Currently playing in a comprehensive retrospective of the director’s work at the BFI Southbank, A Girl In Every Port (1928) is Howard Hawks’ sixth feature and penultimate silent film. Mostly notable for bringing cult screen icon-to-be Louise Brooks to the attention of director G.W. Pabst for his upcoming Pandora’s Box (1929) and making a star of putty-faced, Tunbridge Wells born ex-boxer Victor McLaglen (who was to win Best Actor seven years later for his turn in John Ford’s The Informer), it’s perhaps a little too broadly drawn in its opening reels, opting for heavy-handed slapstick from the Keystone school (static camera, lots of running around and arse kicking) over the more technically nuanced farcical elements he’d later master in pictures such as Bringing Up Baby (1938) and His Girl Friday (1940).

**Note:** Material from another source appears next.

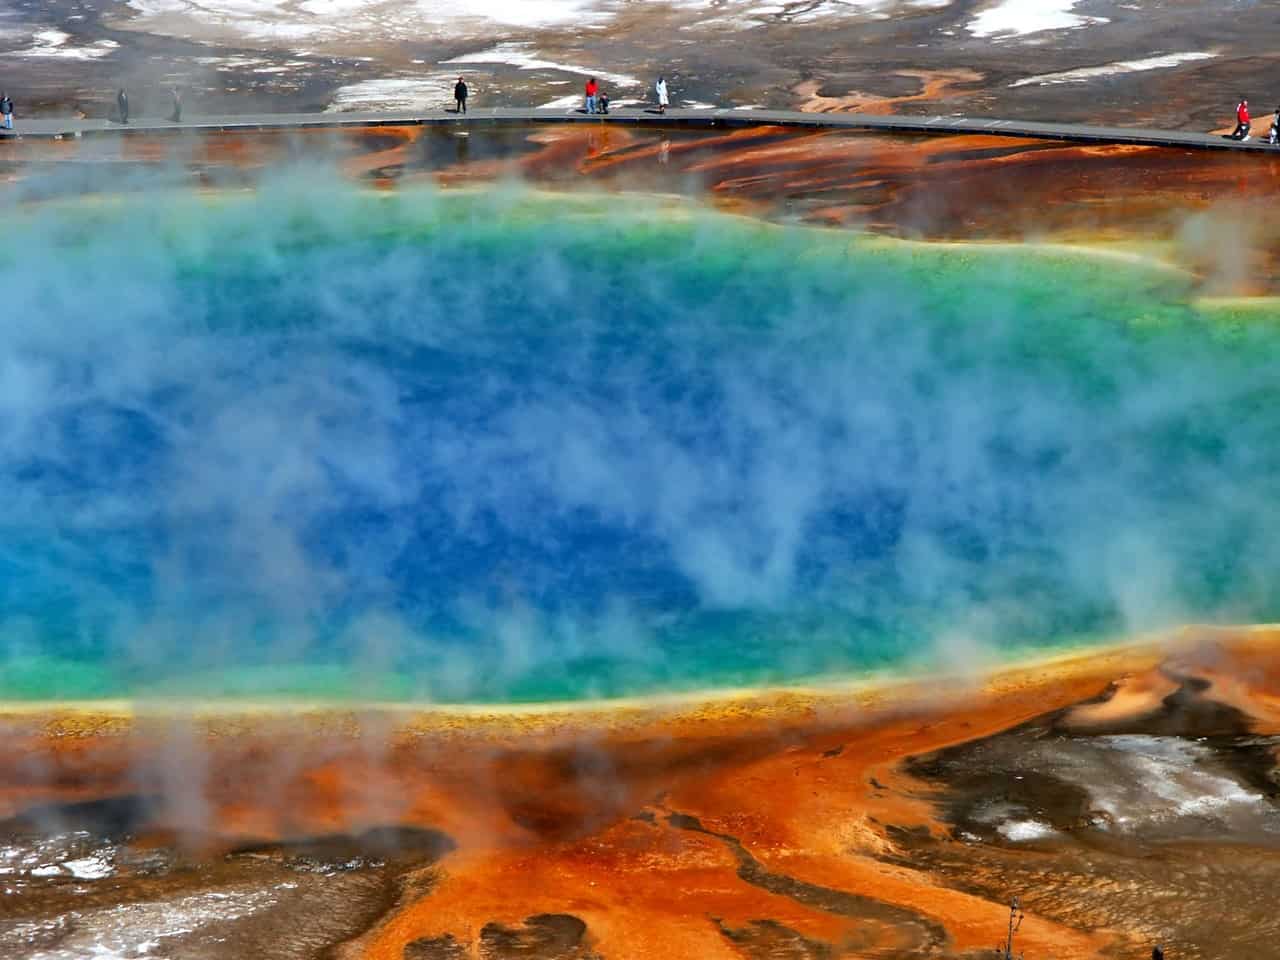 Natural hot springs and geothermal pools often contain properties of nonmetals

The love-triangle story is simple enough and can perhaps be viewed as the first of Hawks’ films to embrace the themes he’d continue to play upon throughout his career, romantic rivalry and camaraderie, sexual politics and the subversion of notions of masculinity and femininity. The men here are emotionally immature, wearing their hearts on their sleeves as they try their luck with anything in a skirt and start fights with whoever happens to be in reach. Bonding is by way of punch-ups and seduction the promise of a house, two cows and twelve chickens, their failure to grow-up denying the traditional romantic narrative denouement by way of a ‘who needs chicks?’ resolution.

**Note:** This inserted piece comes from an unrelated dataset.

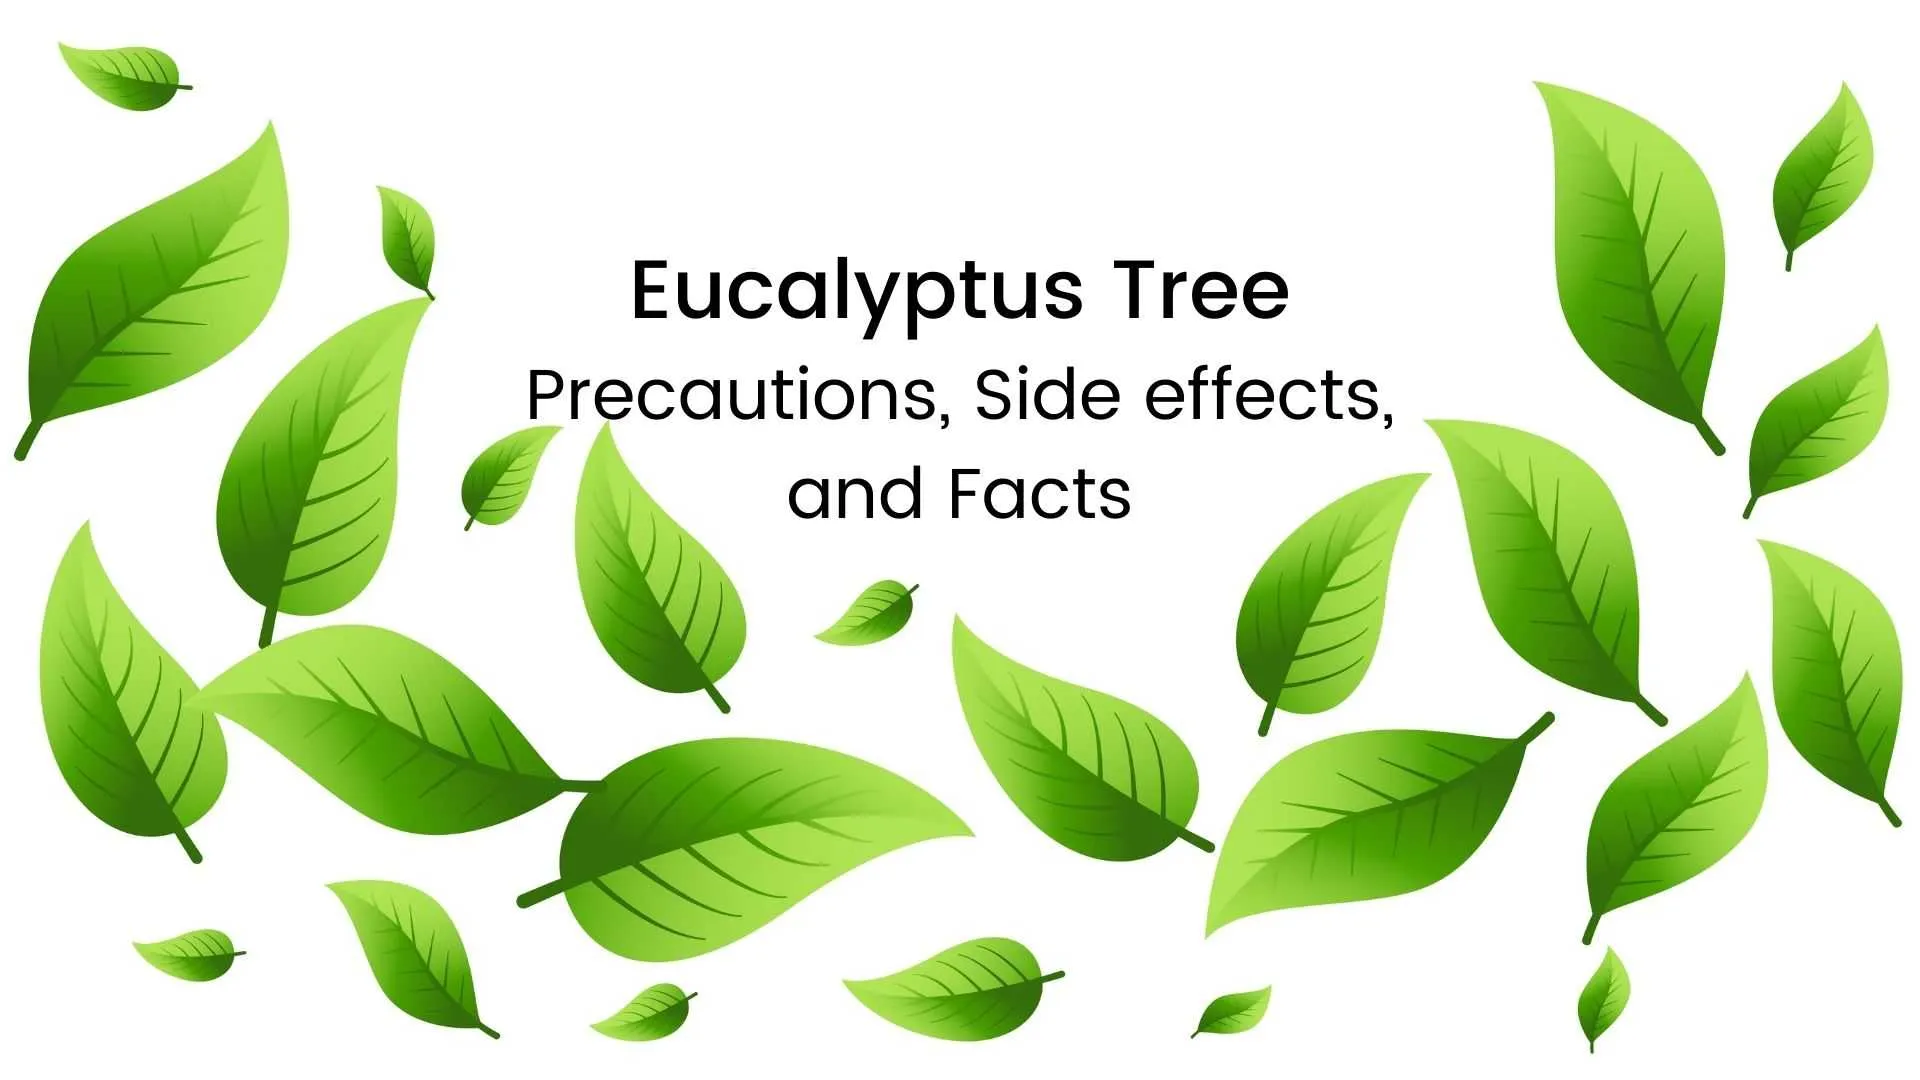 Eucalyptus Tree: Precautions, Side effects, Facts. Is it good for you?

The cast are pretty great, McLaglen overplaying every emotional beat simply serves to make him all the more endearing and Robert Armstrong as his love rival/new BFF has some great moments, particularly a scene in which he tries to tell his pal about his new girl’s shady Coney Island past whilst swatting her roaming hands away. Louise Brooks, introduced in the film’s one visual flourish as she dives from a circus high-dive board, soaking the infatuated McLaglen below, fares slightly less well as the gold-digging femme fatale. She looks incredible, the iconic bob and bangs already in place and dressed mostly in a sheer bathing costume, her eyes sparkle with a knowing playfulness and intelligence whenever she’s on screen, but it’s a pretty thankless role, entirely subservient to the more bumbling physical and emotional pratfalls of its male leads.
In fact, none of the women in the film are sketched as anything more than the most basic caricature. The women McLaglen meets in the first half are all variations on the same empty misogynist vessel, except that those he meets in Amsterdam wear clogs and live in windmills, only Maria Casajuana as a Latin temptress makes any impact. The film is pretty candid (this being pre-code) about quite how much sleeping around the sailors do, with a running gag about turning up at a girl’s house to find you’ve a child from the last time you were there, but the real love story here is between the two men. McLaglen and Armstrong are framed like a couple throughout, and the drama hinges on their continual falling out and making up, Armstrong needing his finger pulled by his pal to reset his hand after every punch-up representing a recurrently suggestive single entendre. Their interplay works brilliantly though, with little moments such as their sharing a laugh after climbing out of the docks and McLaglen surreptitiously dousing himself in cologne out of his friend’s eyeline working particularly well, serving already to showcase Hawks’ keenly nuanced eye for the technical business of screen comedy.
A Girl In Every Port – 1928 – USA – 72 mins – Dir : Howard Hawks

1 comment:

  1. Nice! This is a fun one. I agree that Brooks' character is a misogynist caricature, like all the women here. She's not yet the characteristic Hawksian woman of later films, who can initially come between the men the way Brooks does here, but who eventually does find a way into their masculine world. Hawks never exactly became a feminist, but he did eventually figure out a place for women in his films other than the stereotypical vamp we see here.

    Anyway, the film is pretty great otherwise. It's a lot of fun, including the slapstick brawls at the beginning and all the weird little bits of Hawksian business like the finger-pulling and the ring with the anchor on that Armstrong leaves like a brand on his conquests (and eventually on McLaglen). It's a great early Hawks and a great film in itself, regressive gender politics and all.